Then we have "usages" or "instances", which are (name, publication) pairs. These can be of different level of precision, such as "this name appears in this book", or it "ppears on page 5", or in this paragraph, etc. I tend to view "instances" as like annotations, as if you highlighted a name in some text. Indeed, indexing the taxonomic literature and recording the location of each taxonomic name is essentially generating the set of all instances. We can have identifiers for each instance.



Then we can have relationships between instances. For example, in taxonomic publications you will often see a researcher list previous mentions of a name in other works, synonyms, etc. So we can have links between instances (which is one reason why they need identifiers).
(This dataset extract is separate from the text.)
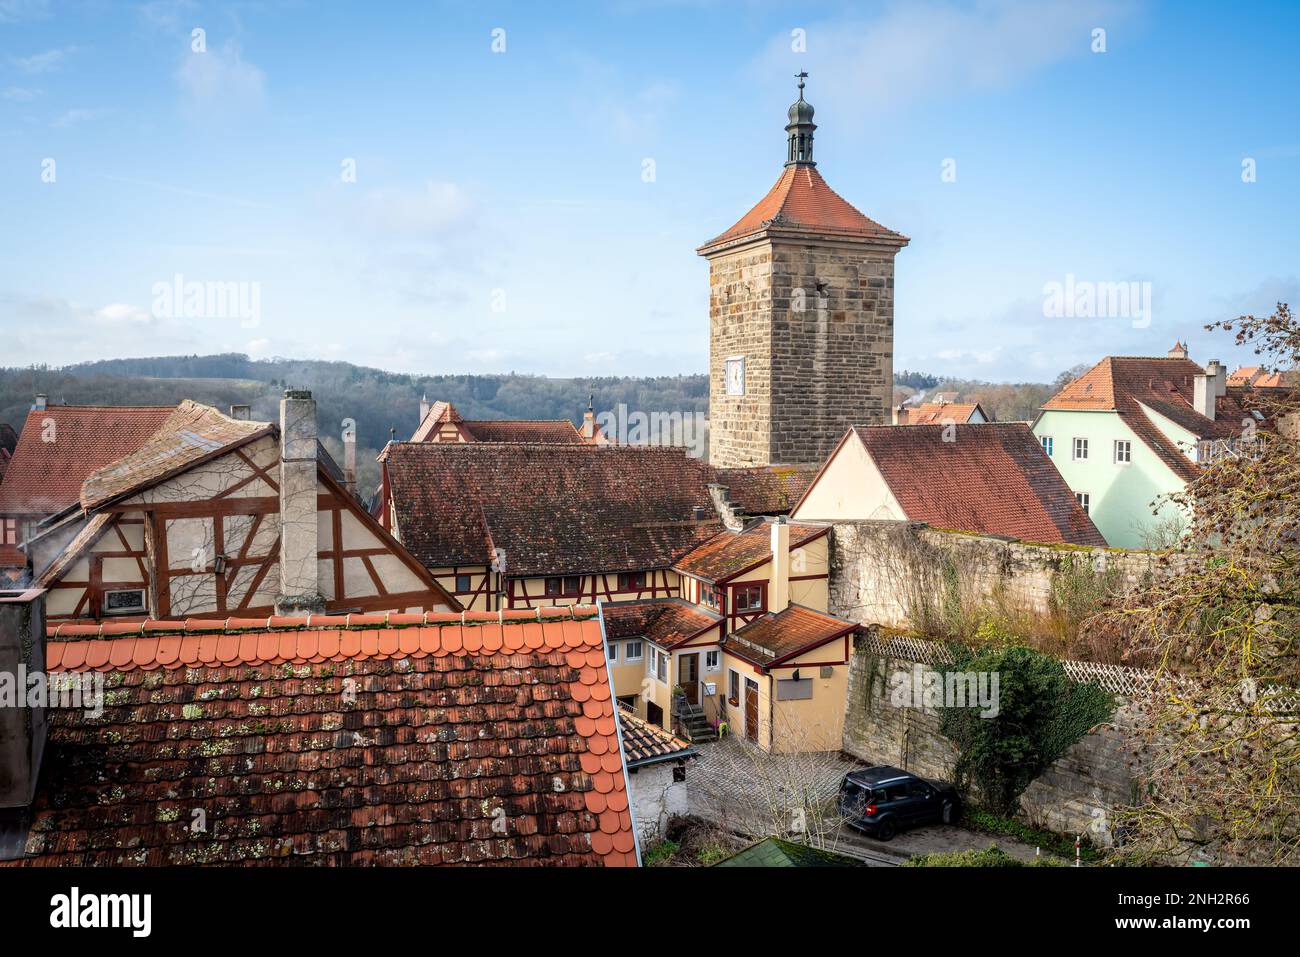 Blick auf die Altstadt mit Siebersturm - Rothenburg ob der Tauber, Bayern, Deutschland Stockfoto
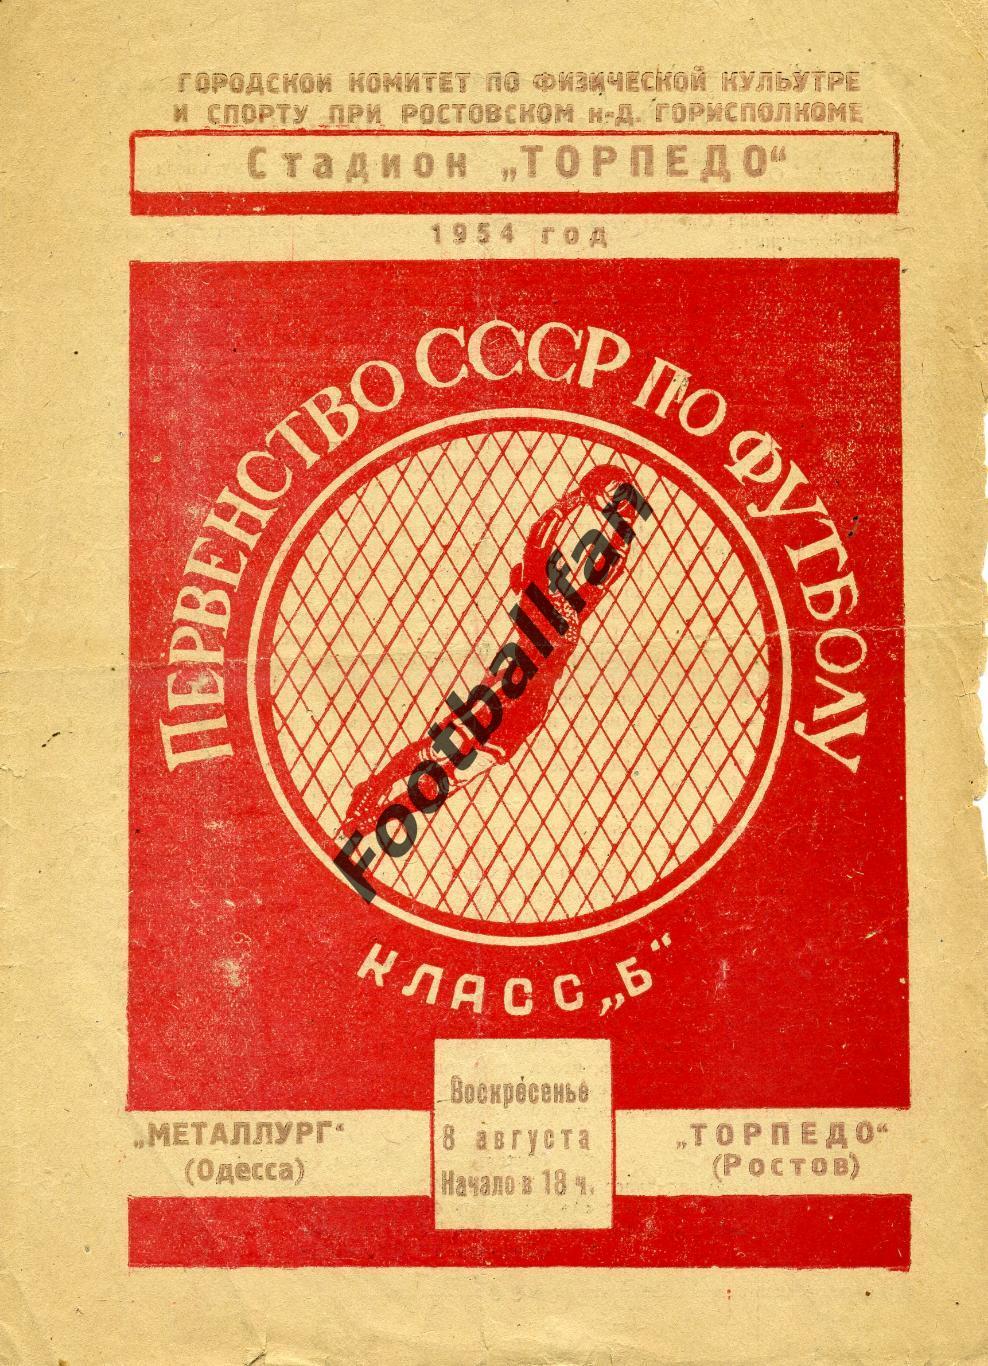 Торпедо Ростов - Металлург Одесса 08.08.1954

OK, now comes the tricky bit. Up to now things are pretty simple, we have strings (names), we have sets of strings (publications), the location of strings in publications (usages/instances/annotations), and relationships between those instances (e.g., there may be a list of them on the same page in a publication). What about taxa?

It seems to me there are at least two different ways people model taxa in databases. The first is the classic Darwin Core spreadsheet style model of one unique name per row. If a name is "accepted" it has a parent, if it isn't "accepted" then it doesn't have a pointer to a parent, but does have a pointer to an accepted name:




If we treat each row as an instance (e.g., name plus original publication of that name), then the identifier for the instance is the same as the identifier for the taxon. A practical consequence of this is that if the name of a taxon changes, so does the identifier, therefore any data attached to that identifier can be orphaned (or, at least, needs to be reconnected) when there is taxonomic change.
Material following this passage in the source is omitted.